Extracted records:
•••••

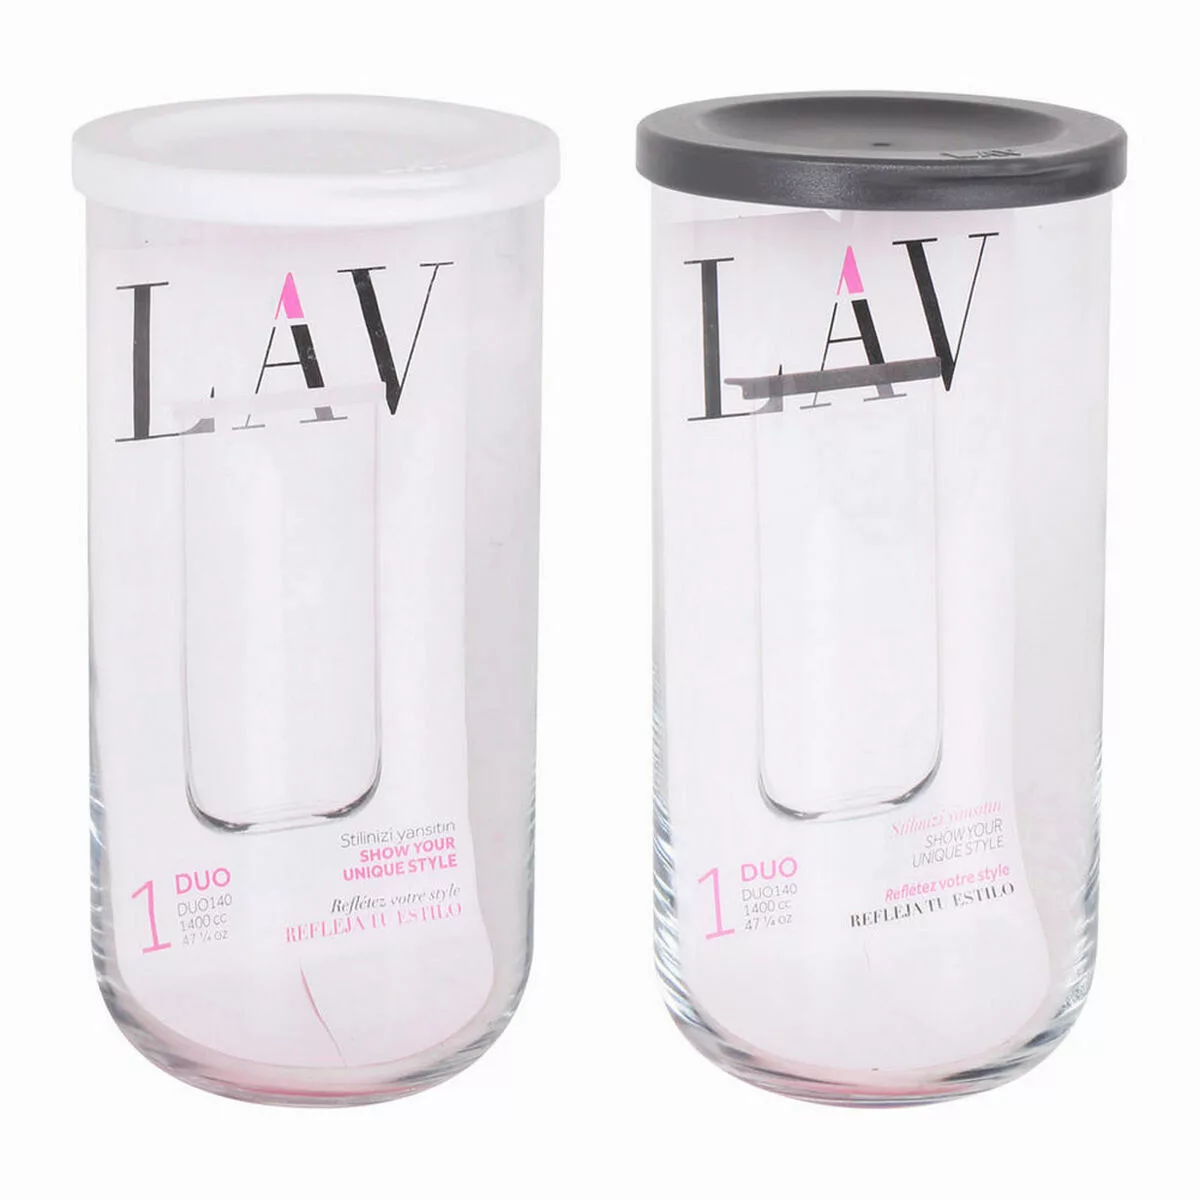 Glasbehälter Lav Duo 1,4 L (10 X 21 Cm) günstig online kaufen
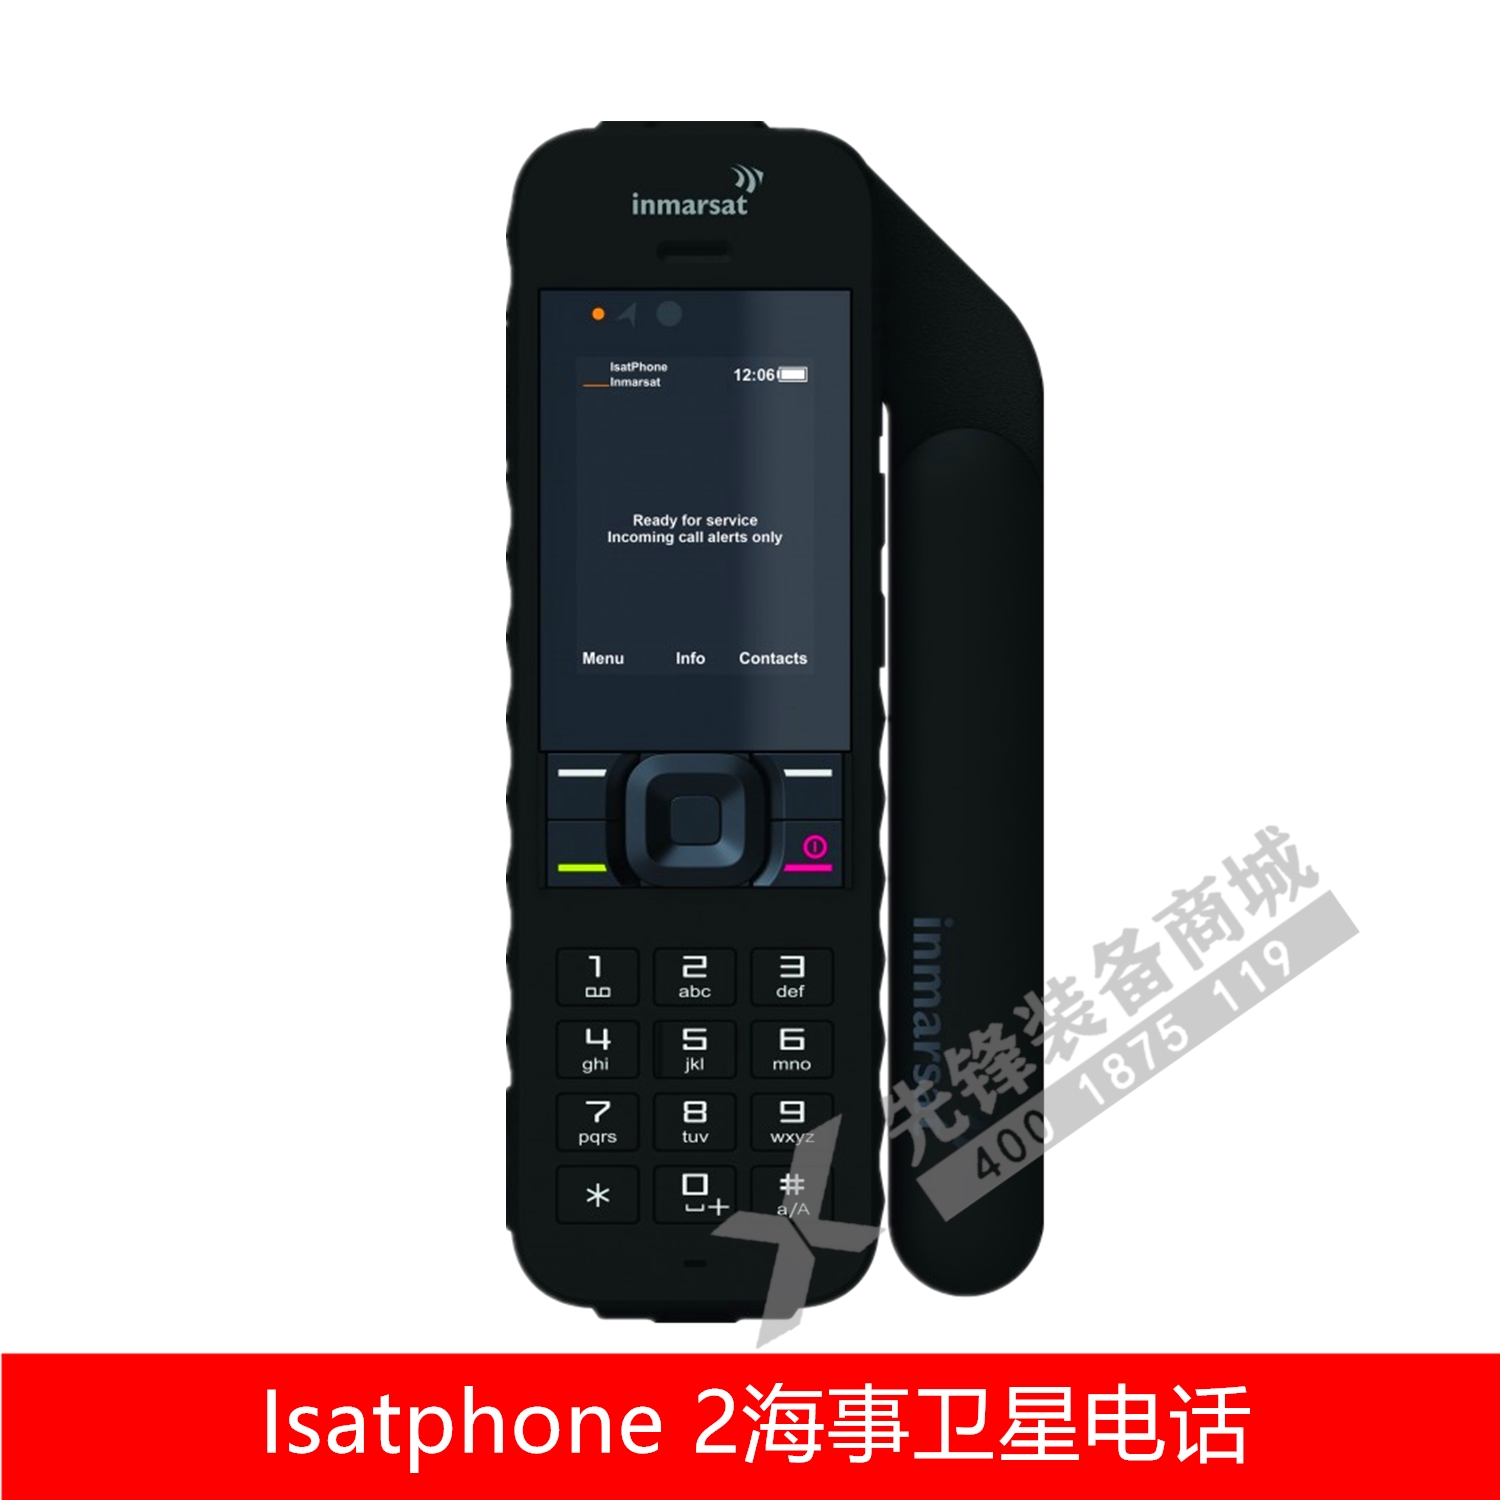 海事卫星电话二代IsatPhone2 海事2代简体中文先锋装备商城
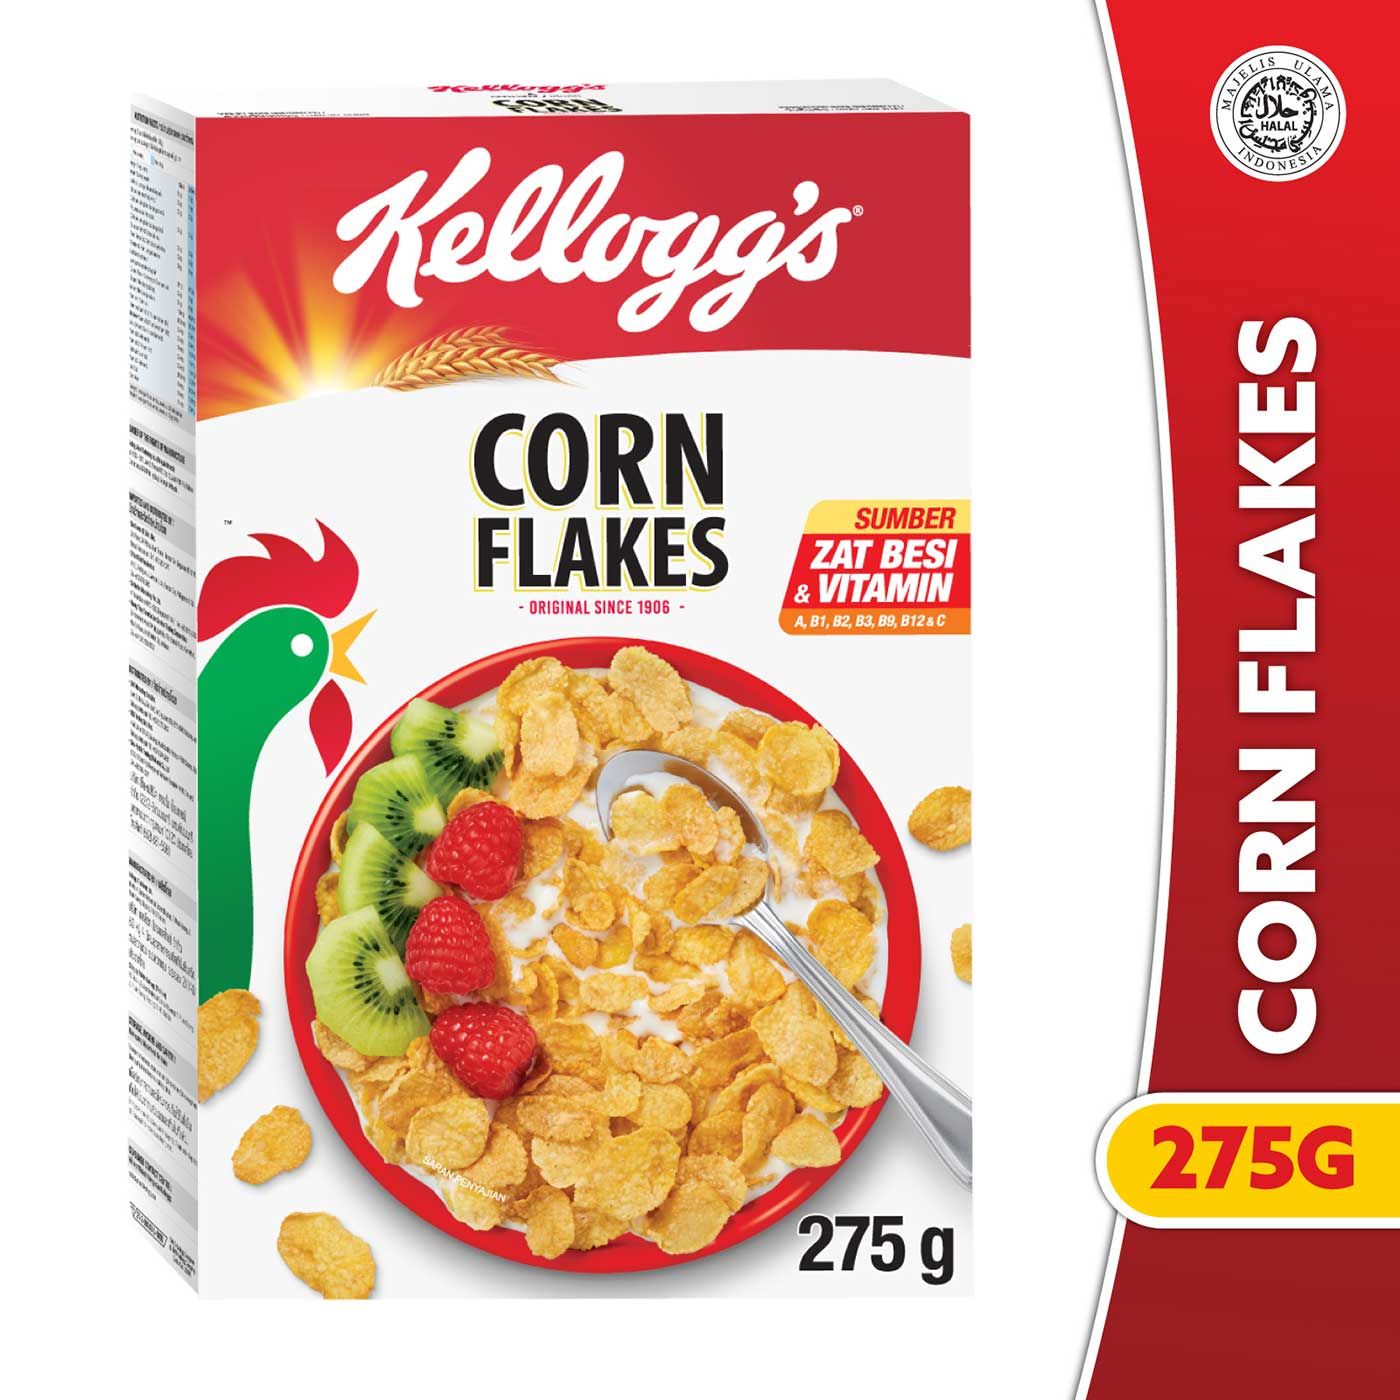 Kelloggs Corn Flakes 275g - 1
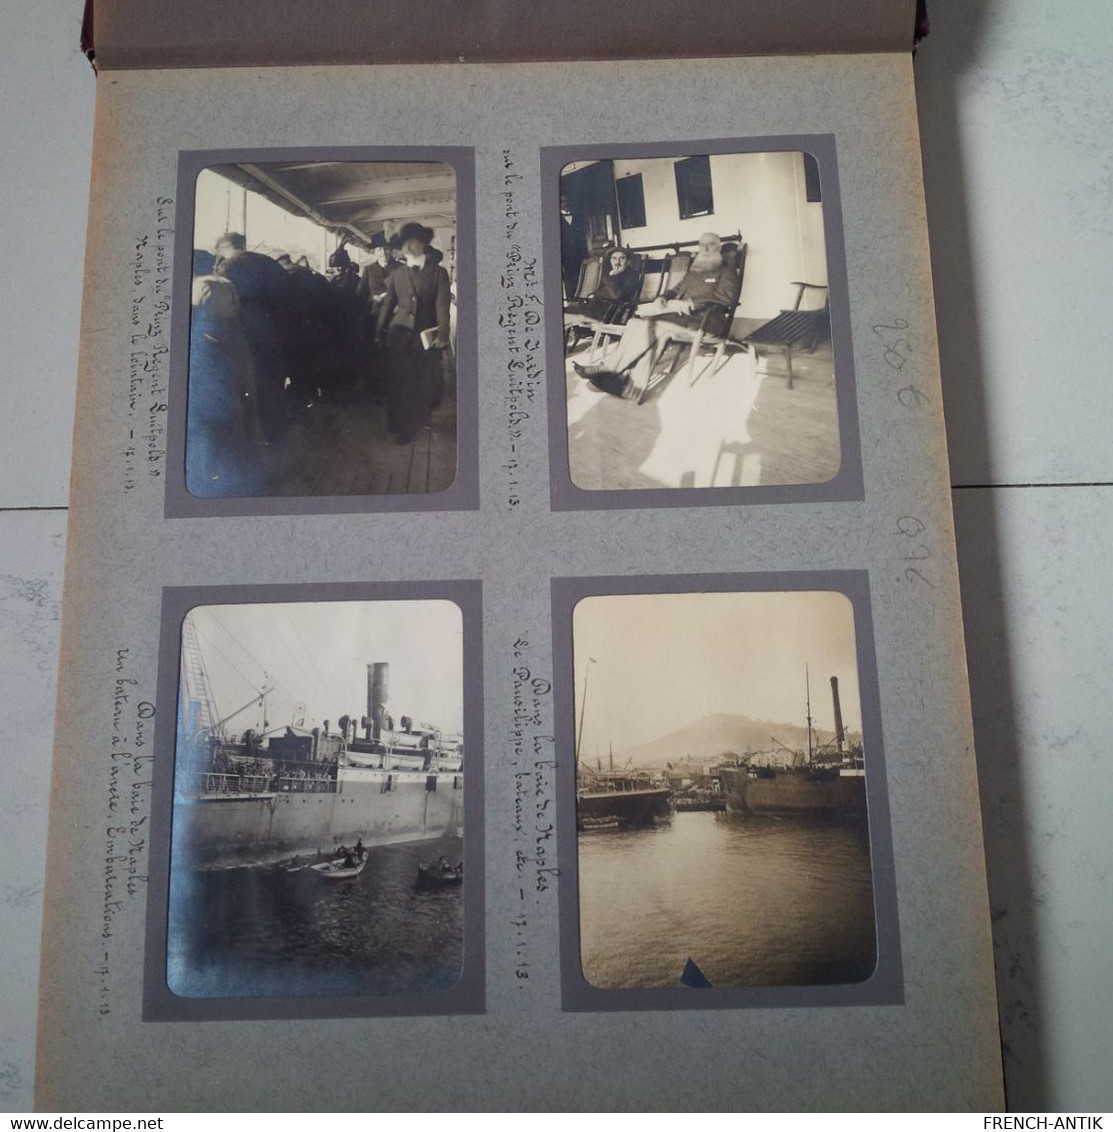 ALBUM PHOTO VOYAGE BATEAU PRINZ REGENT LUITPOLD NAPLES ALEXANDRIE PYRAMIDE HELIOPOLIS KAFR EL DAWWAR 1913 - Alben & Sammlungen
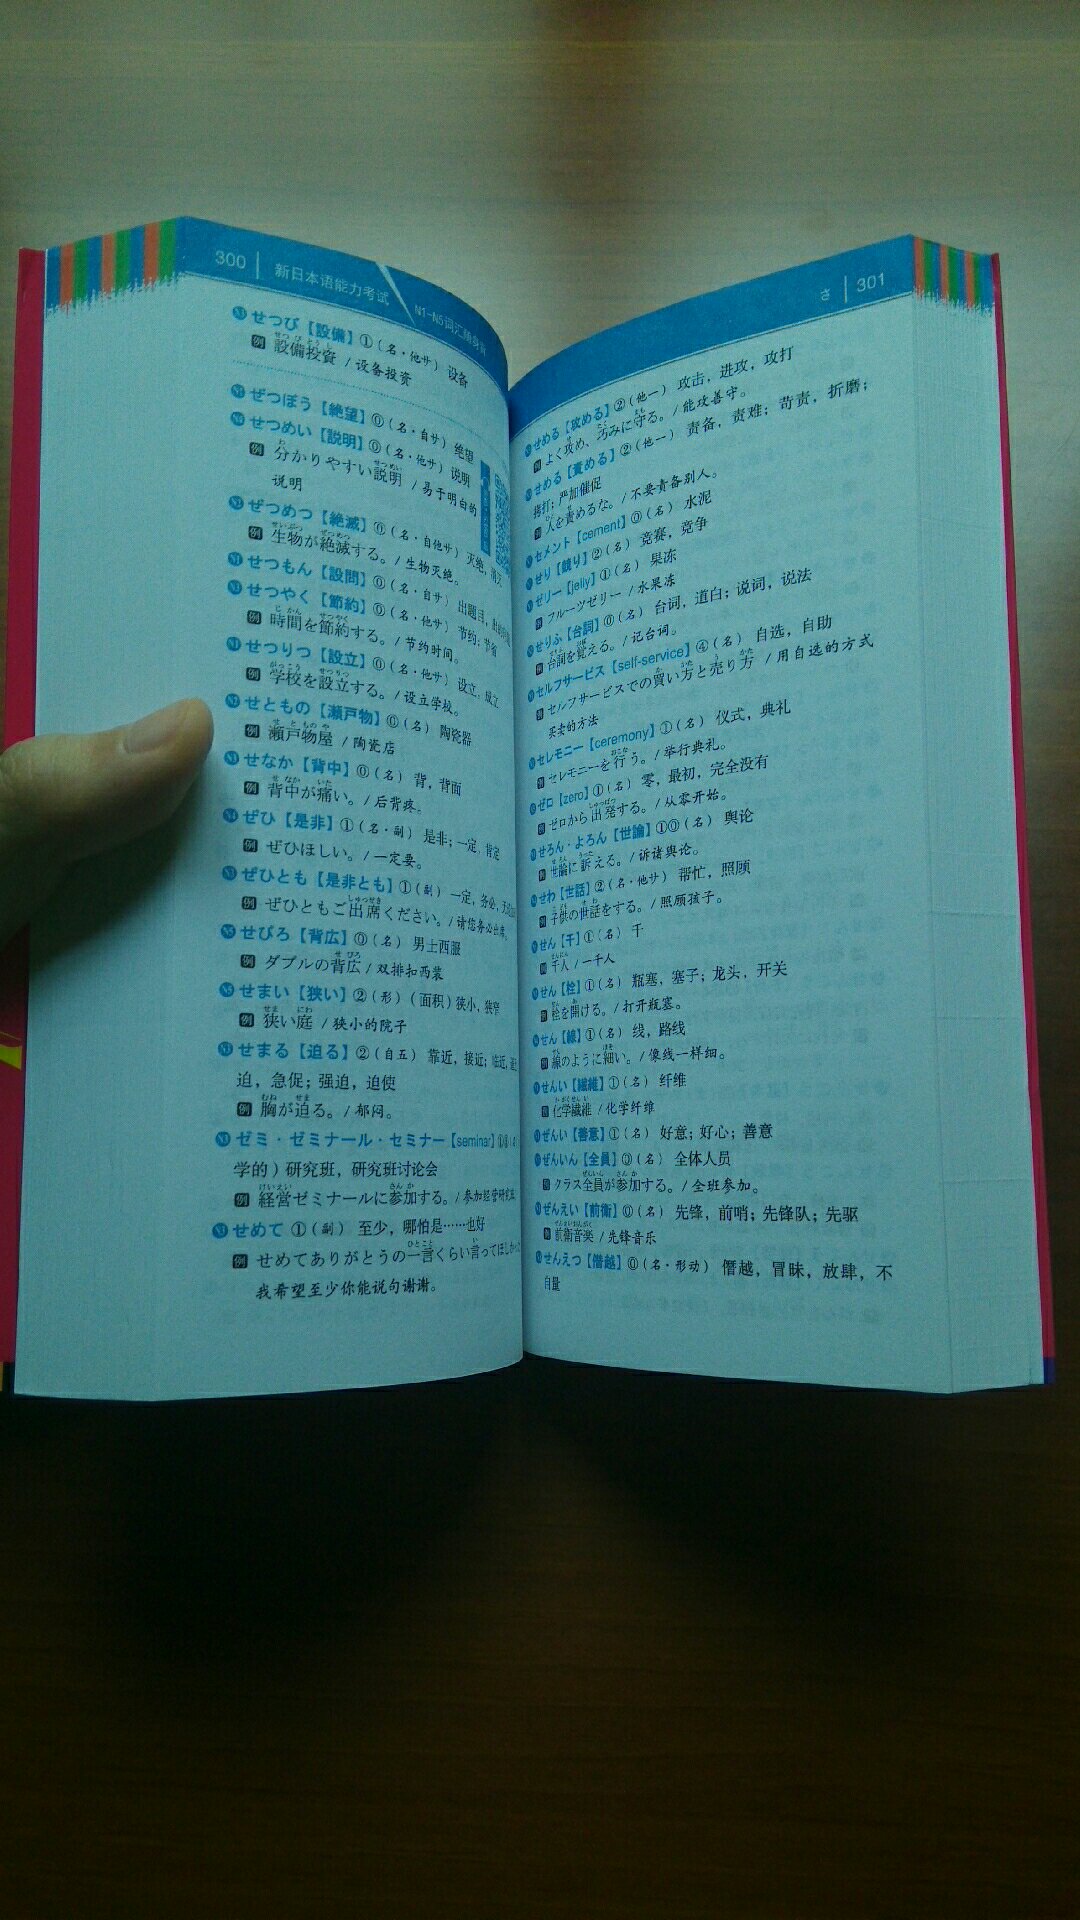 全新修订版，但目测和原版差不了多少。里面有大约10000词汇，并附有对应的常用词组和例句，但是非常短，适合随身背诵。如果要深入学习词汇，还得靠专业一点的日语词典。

•••••

Print the data above from its first line through the line that has "ALBUM PHOTO VOYAGE", exactly and with nothing else, omitting pictures.

 Glasbehälter Lav Duo 1,4 L (10 X 21 Cm) günstig online kaufen
 海事卫星电话二代IsatPhone2 海事2代简体中文先锋装备商城
 Kelloggs Corn Flakes 275g - 1
 ALBUM PHOTO VOYAGE BATEAU PRINZ REGENT LUITPOLD NAPLES ALEXANDRIE PYRAMIDE HELIOPOLIS KAFR EL DAWWAR 1913 - Alben & Sammlungen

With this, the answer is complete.